A Courageous Convert and a Living Legend

Author: John Elphinston

A Courageous Convert and a Living Legend

John Elphinston*

Cardinal Angelo Amato beatifies Indian marytyr Devasahayam Pillai

The beatification of India's first married layman and martyr is important not only for Asia but for the millions of Christians who suffer in silence for their faith around the world. On Sunday, 2 December [2012], in the Diocese of Kottar, Cardinal Angelo Amato, Prefect of the Congregation for the Causes of Saints — on behalf of Benedict XVI — beatified Devasahayam Pillai (1712-1752), from the Kingdom of Thiruvithancore, today the Kannyakumari district in Tamil Nadu, India.

"Martyrdom and the vocation to martyrdom are not the result of human effort, but the response to an initiative and a call from God, they are a gift of his grace, which makes one capable of offering one's life for love of Christ and of the Church, and thus of the world". These words of Holy Father Benedict XVI (General Audience Catechesis, 11 August 2010), are fully applicable to the life, sufferings and the valiant death of the Blessed Servant of God Devasahayam Pillai.

Many may not have even heard the name Devasahayam Pillai, a mid-18th-century martyr of the Kingdom of Thiruvithancore, half of whose territory constitutes Kannyakumari district, Tamilnadu, South India. Devasahayam Pillai was born to an affluent and prosperous Hindu, Nair family (landlord and warrior caste at the time) in the year 1712 in a small hamlet called Nattalam. His name was Nilam or Nilakandan, and "Pillai" was a popular nomenclature referring to his high caste and social position. As a boy he learned Tamil and Malayalam, the languages of the people. He also studied Sanskrit, Hindu scriptures and trained in the traditional martial arts, archery, Varmasastra and the use of weapons. He became a high official in the palace, in charge of Nilakandaswamy Temple at Padmanabhapuram and an official in charge of the royal treasury, collecting materials for the construction of forts, payment of wages, etc. He married Bhargaviammal, a bride from an equally prominent Nair family.

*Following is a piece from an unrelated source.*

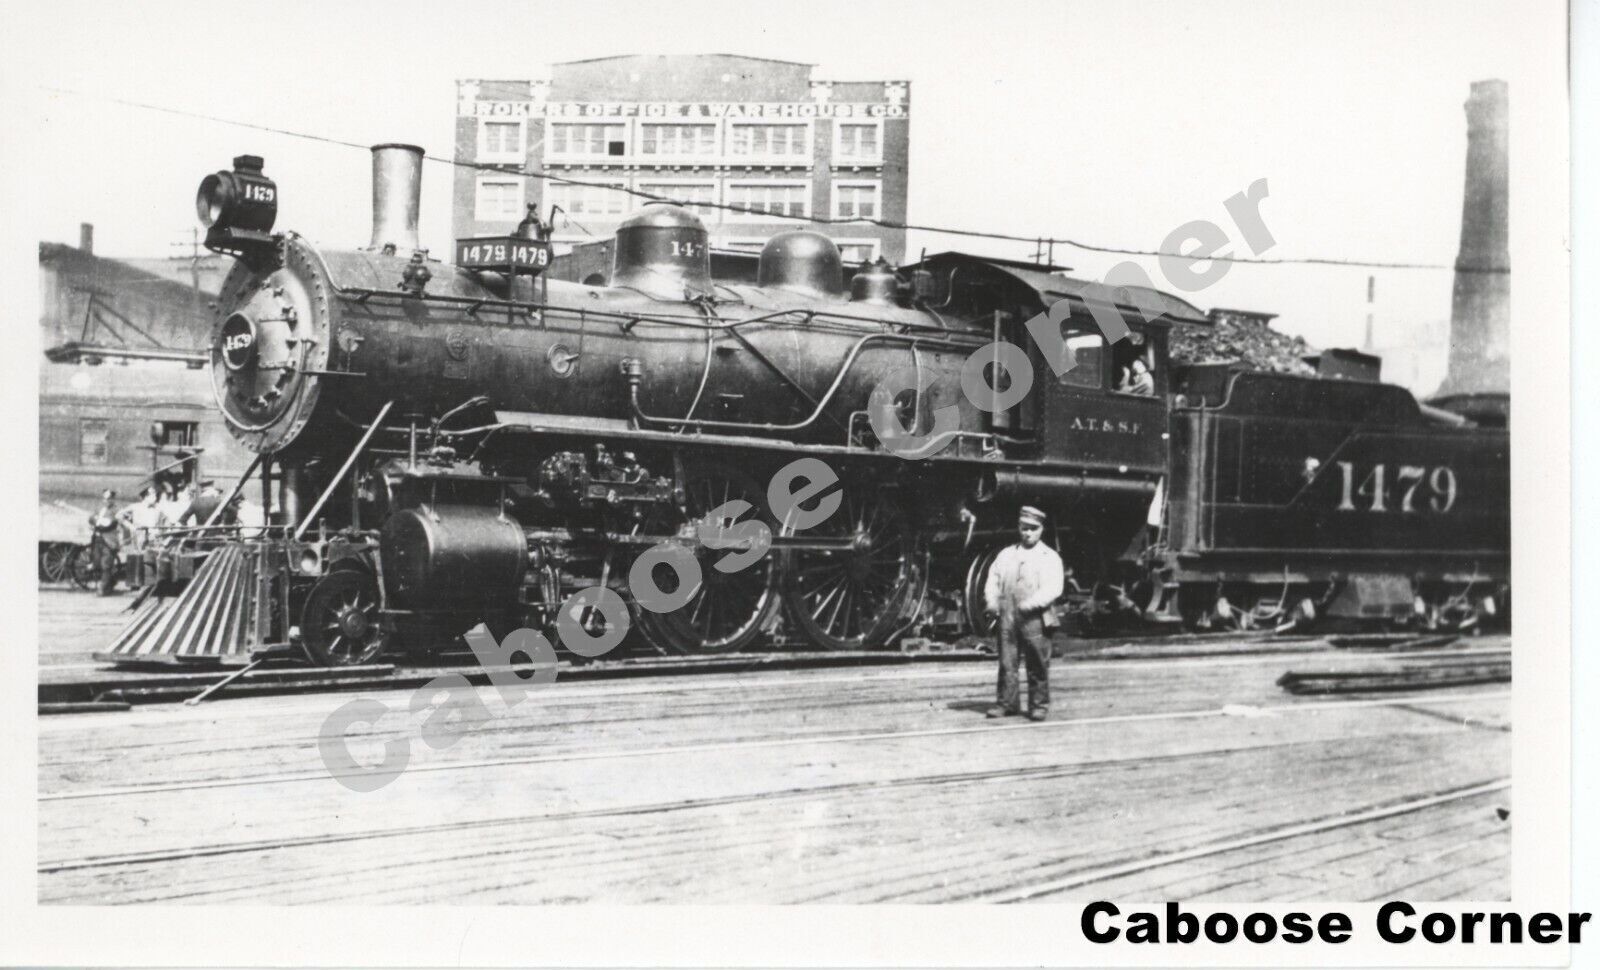 AT&SF Atchison Topeka & Santa Fe Railway #1479 B&W Photo (2237)
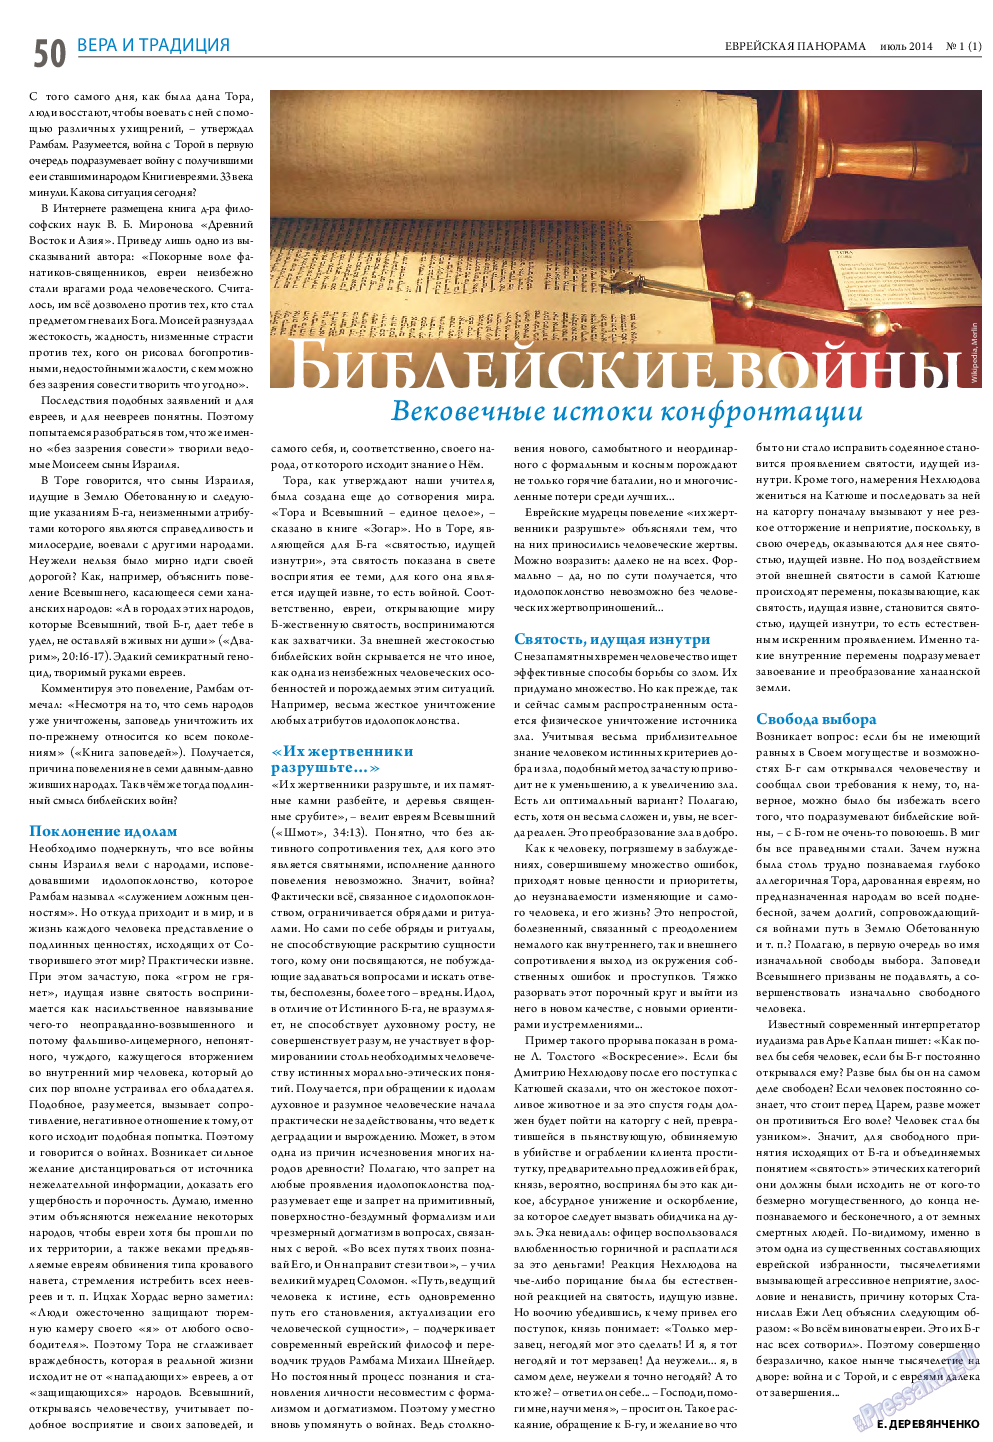 Еврейская панорама, газета. 2014 №1 стр.50

Nilakandan Pillai experienced heavy losses of property and cattle which caused him great perturbation. Finding no relief in the performance of religious rituals to placate his family deity Bhadrakali in every possible way, he sought counsel from Eustachius Benedictus De Lannoy, a Dutch Catholic military officer, who was arrested by King Marthandavarma after the Dutch were defeated at the Port of Colachel in 1741. De Lannoy instructed him about the mystery of God's loving providence in affliction, the Christian meaning of suffering in the Book of Job and the redemptive suffering of our Saviour. Nilakandan Pillai was impressed by Job's absolute confidence in God in the face of unbearable tragedies. Convinced of the truth of Christian mysteries, Nilakandan Pillai expressed his desire to be baptized, fully aware of the extreme consequences which might befall him. Fr Giovanni Battista Buttari, a Jesuit Missionary at Vadakkankulam, about 30 kilometers away and outside the King's domain, instructed him for nine months and baptized him on 14 May 1745. At baptism he received the name "Devasahayam" which is a Tamil rendering of the biblical name Lazarus, which means "God has helped".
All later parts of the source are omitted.